> [Task objective] Begin your copy at the line with "Offenes Magazinlayout, das" in the records below and end it at the line with "chromium sulfate and strontium net equation", restating each line word for word; omit the pictures.

(Exercise materials Opens)

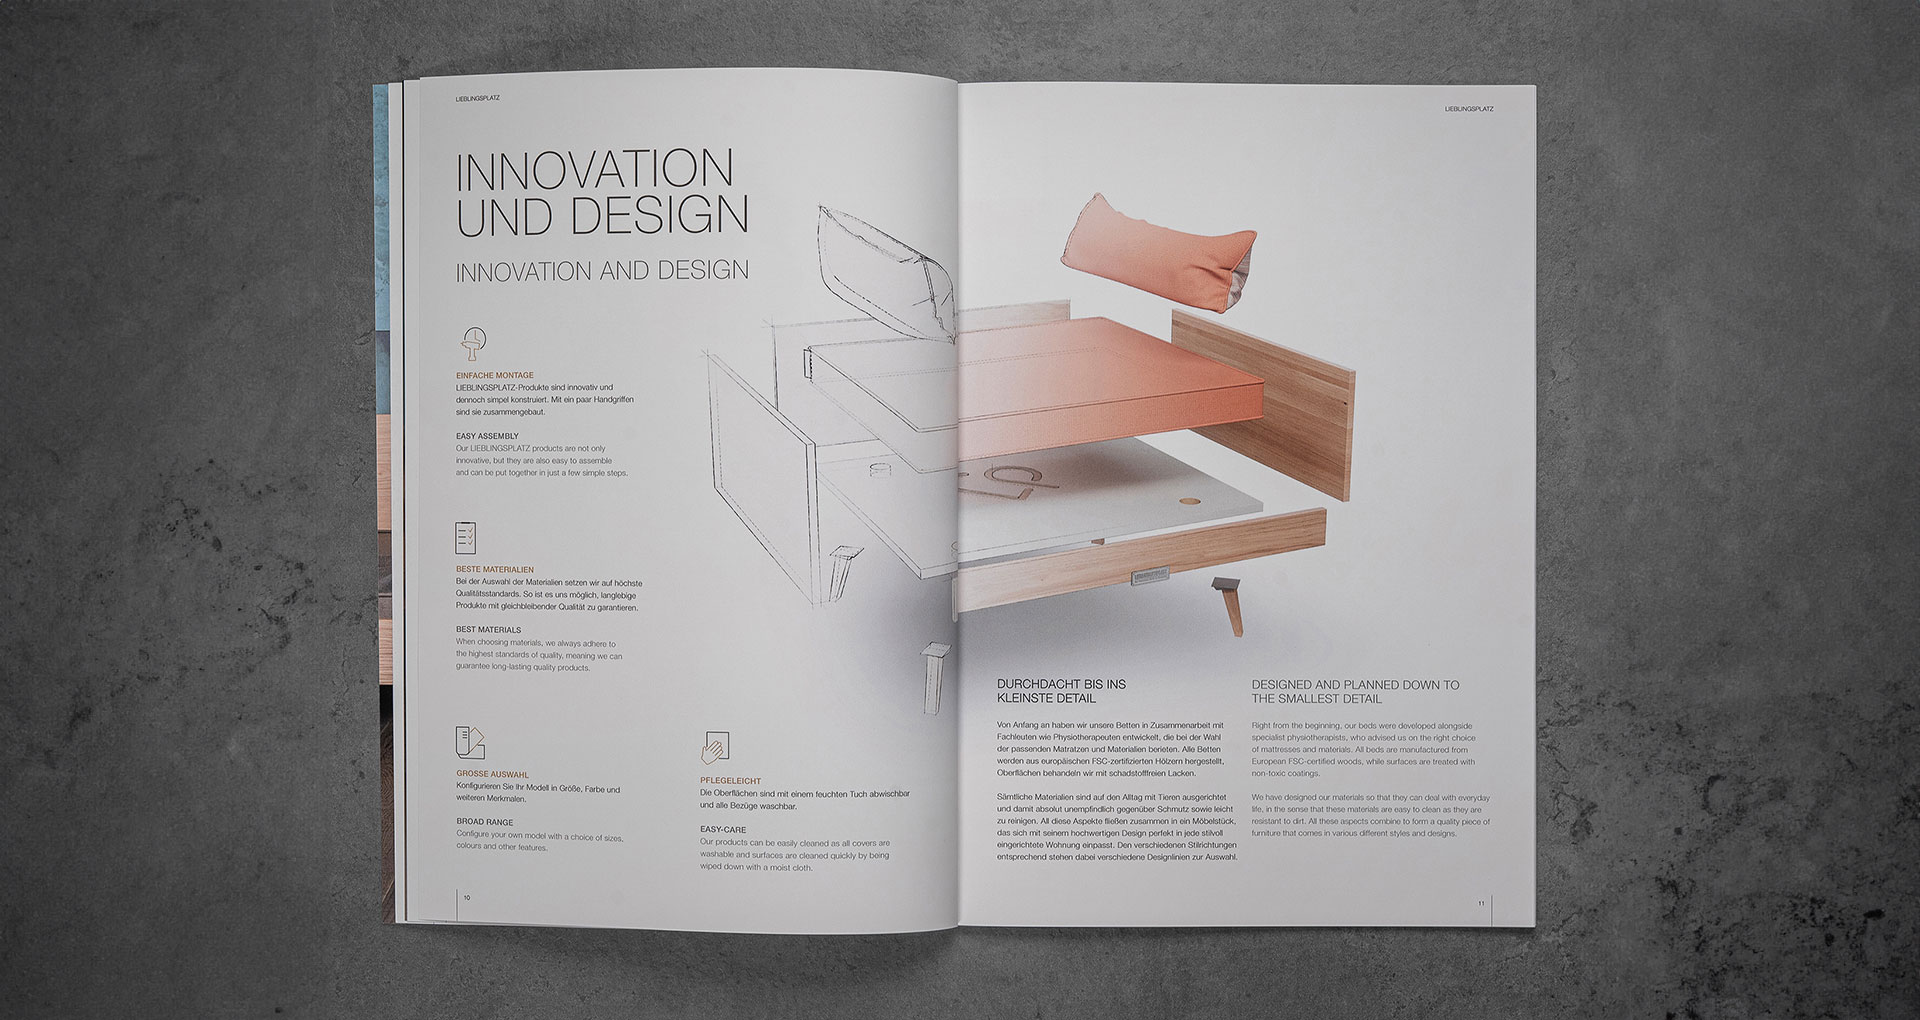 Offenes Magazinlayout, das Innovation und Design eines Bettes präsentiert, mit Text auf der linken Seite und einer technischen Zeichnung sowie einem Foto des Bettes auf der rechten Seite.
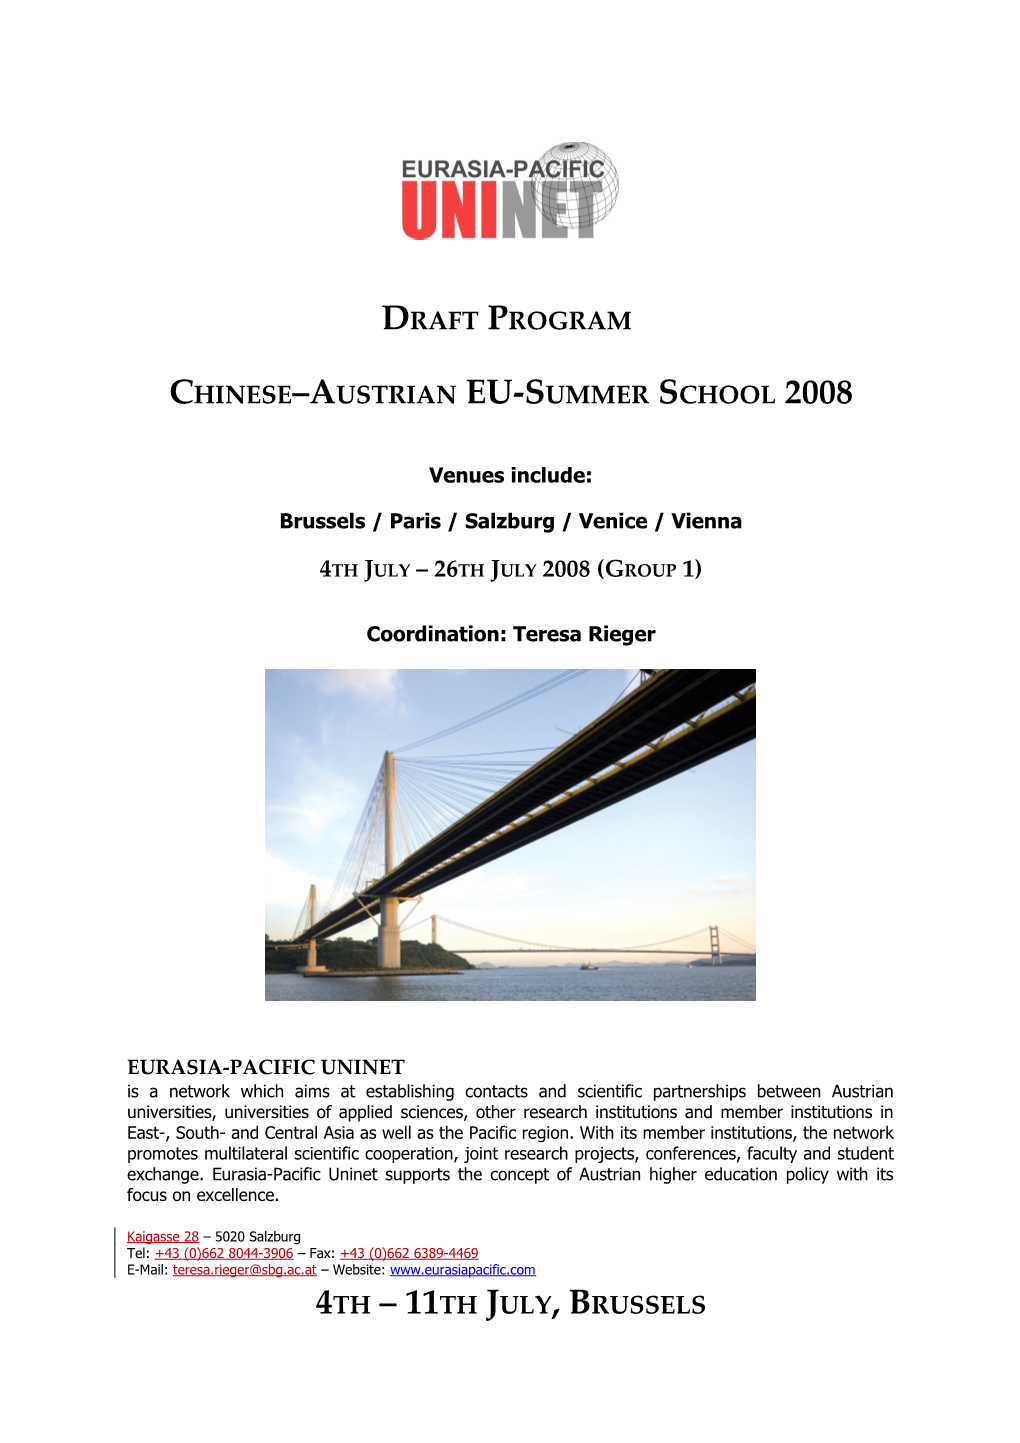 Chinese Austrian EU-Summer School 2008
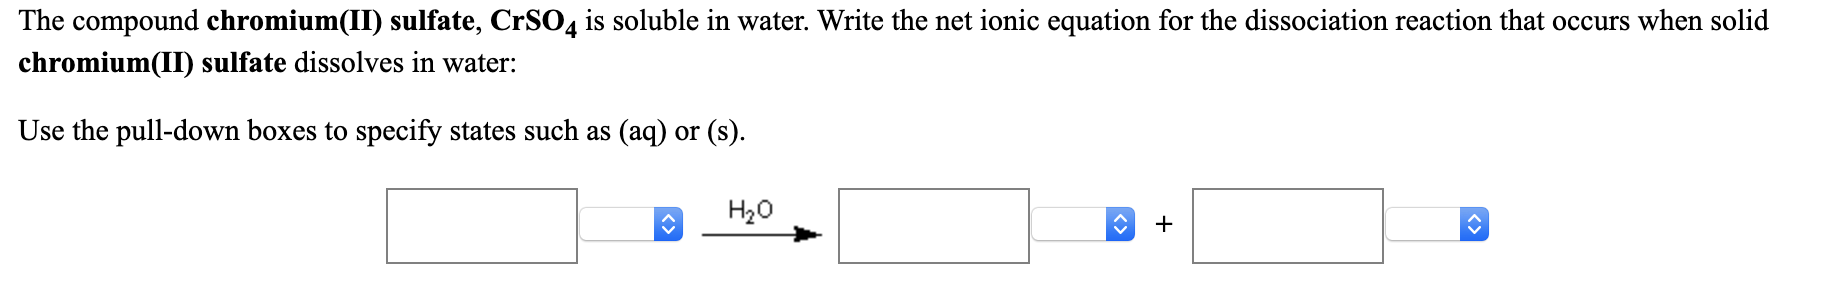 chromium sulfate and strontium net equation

(Exercise materials Closes)
(Exercise materials Opens)

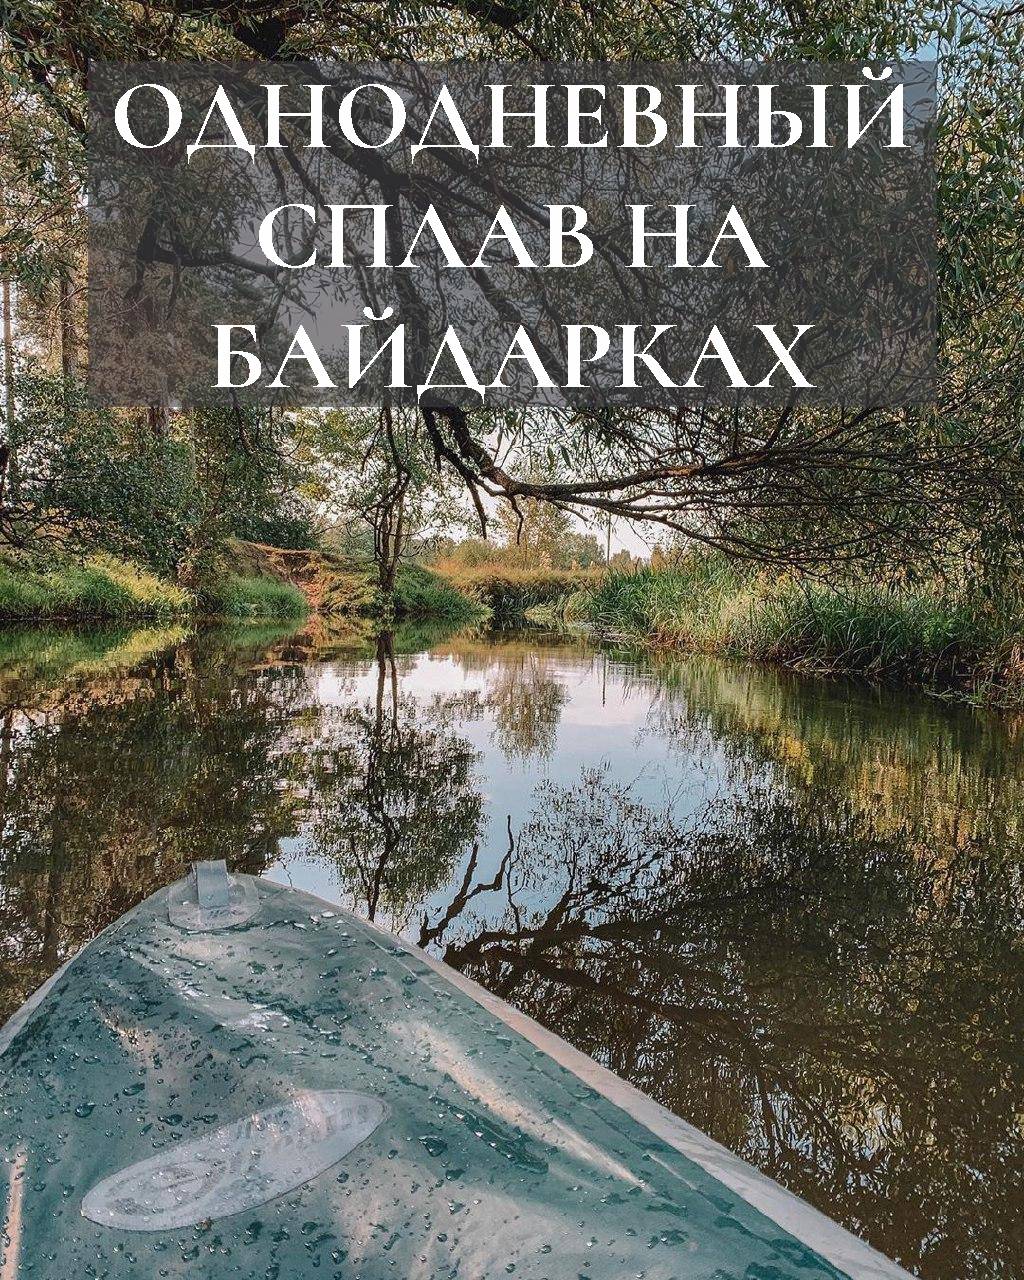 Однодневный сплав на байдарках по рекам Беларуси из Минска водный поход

(Exercise materials Closes)

> [Response below]
 Offenes Magazinlayout, das Innovation und Design eines Bettes präsentiert, mit Text auf der linken Seite und einer technischen Zeichnung sowie einem Foto des Bettes auf der rechten Seite.
 Chinese Austrian EU-Summer School 2008
 chromium sulfate and strontium net equation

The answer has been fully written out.